Several choices can be made to tailor the explanation to your type of explanation problem.
Used for determining the current outcome (fact) and the outcome of interest (foil), based on a foil_method
(e.g. second most probable class, random class, greater than the current outcome). Foils can also be manually selected by using the foil=...

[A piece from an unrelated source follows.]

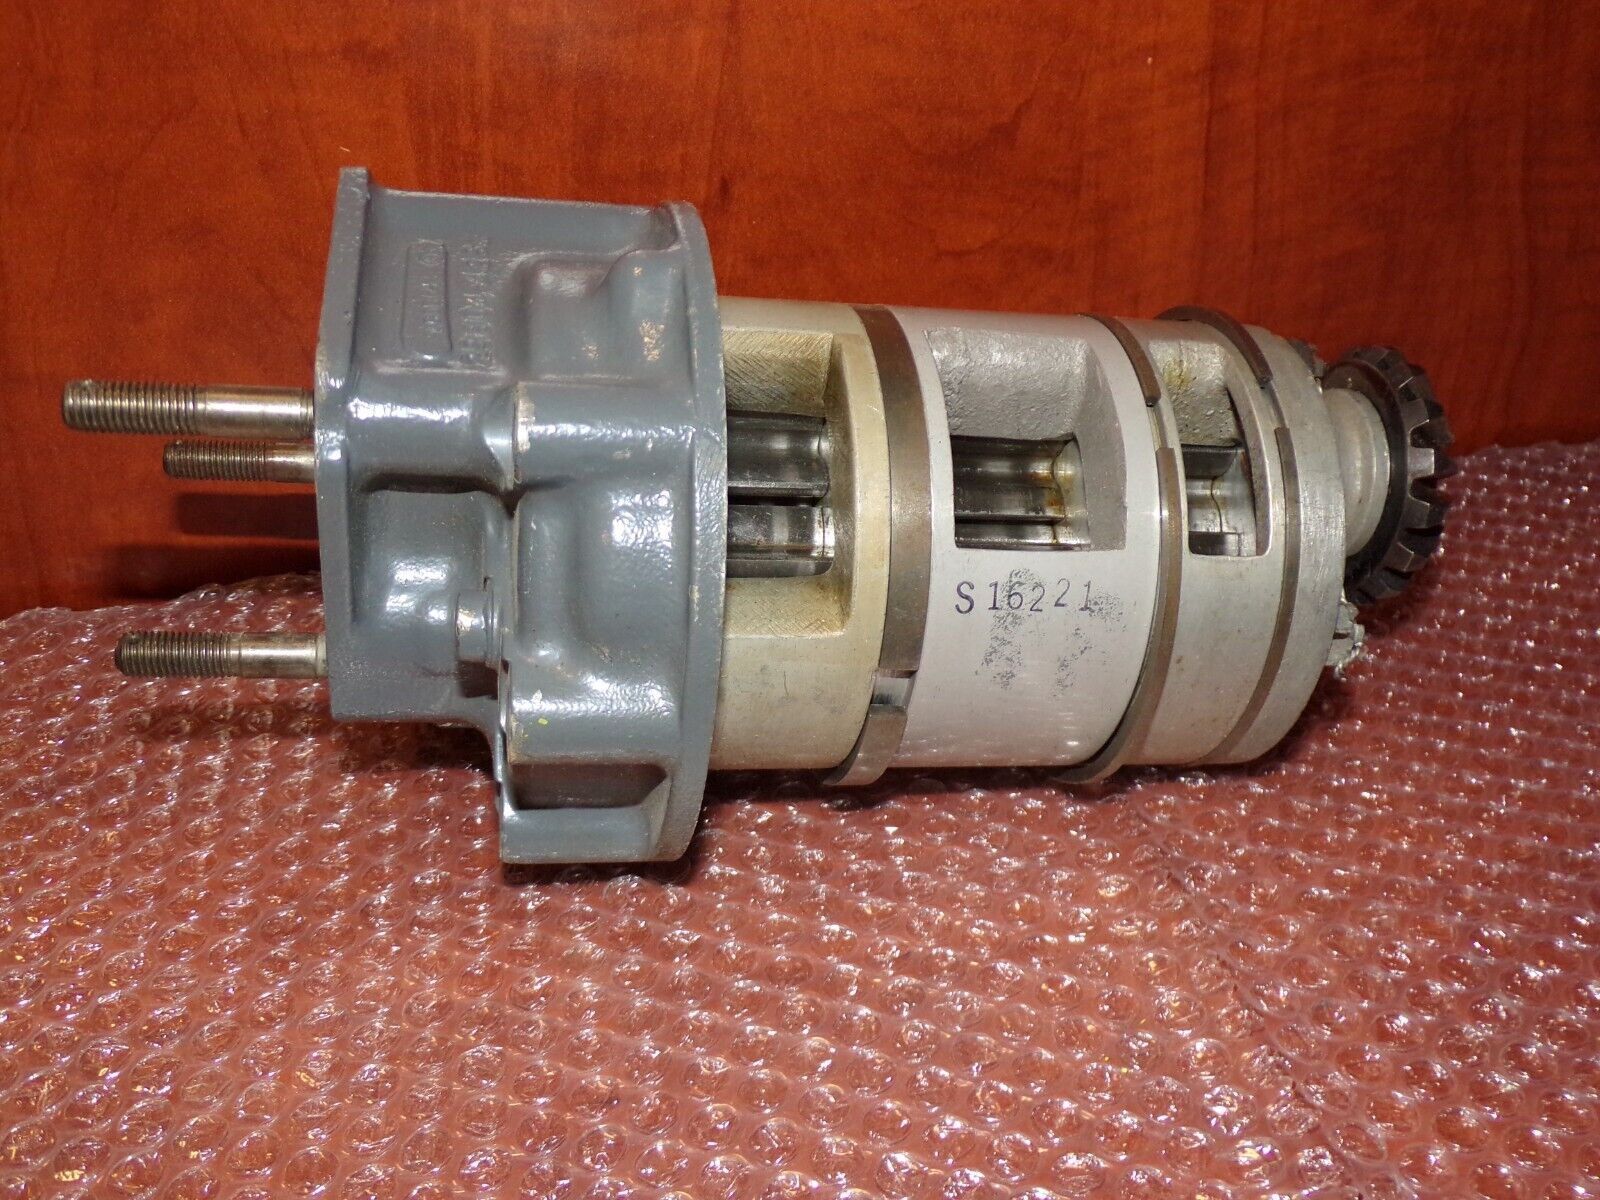 S-16221 Aircraft Gear Assy and Housing 29804-4282
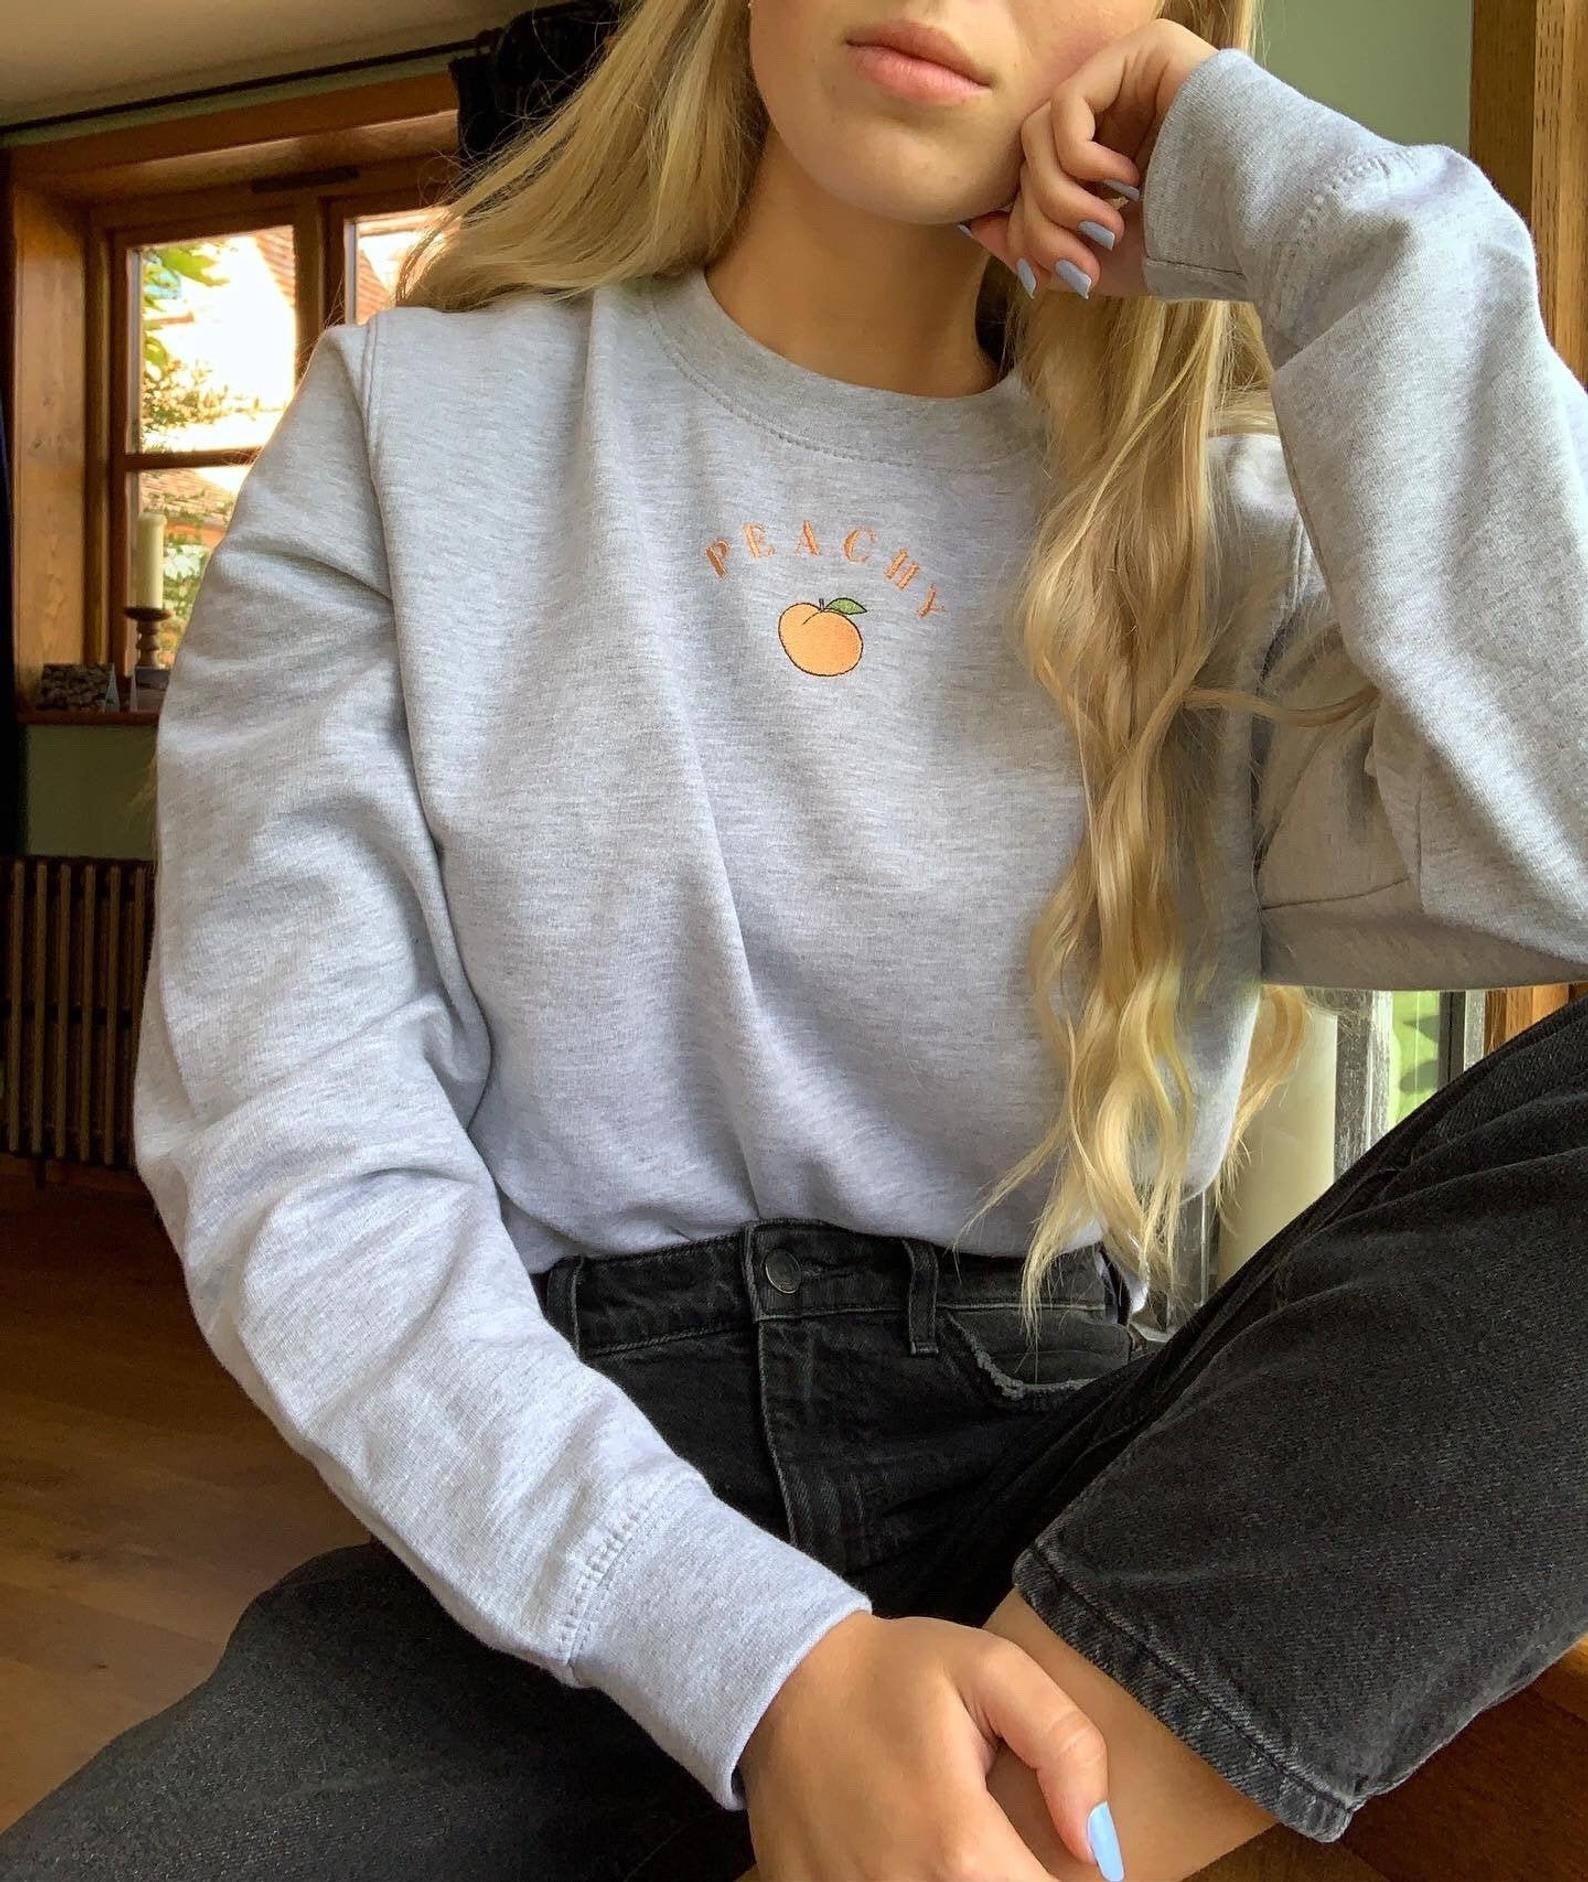 model wearing gray crew neck sweater with tiny peach embroidered on front with words &quot;peachy&quot;

optional argument of the ContrastiveExplanation.explain_instance_domain()
method.
FactFoil | Description | foil_method |
---|---|---|
FactFoilClassification (default) |
Determine fact and foil for classification/unsupervised learning | second , random |
FactFoilRegression |
Determine fact and foil for regression analysis | greater , smaller |
Method for forming the explanation, either using a Foil Tree (TreeExplanator
) as described in the paper, or using a prototype (PointExplanator
, not fully implemented). As multiple explanations hold, one can choose the foil_strategy
as either 'closest' (shortest explanation), 'size' (move the current outcome to the area containing most samples of the foil outcome), 'impurity' (most informative foil area), or 'random' (random foil area)
Explanator | Description | foil_strategy |
---|---|---|
TreeExplanator (default) |
Foil Tree: Explain using a decision tree | closest , size , impurity , random |
PointExplanator |
Explain with a representatitive point (prototype) of the foil class | closest , medoid , random |
For handling the different types of data:
- Tabular (rows and columns)
- Images (rudimentary support)
Maps to a general format that the explanator can form the explanation in, and then maps the explanation back into this format. Ensures meaningful feature names.
DomainMapper | Description |
---|---|
DomainMapperTabular |
Tabular data (columns with feature names, rows) |
DomainMapperPandas |
Uses a pandas dataframe to create a DomainMapperTabular , while automatically inferring feature names |
DomainMapperImage |
Image data |
ContrastiveExplanation is BSD-3 Licensed.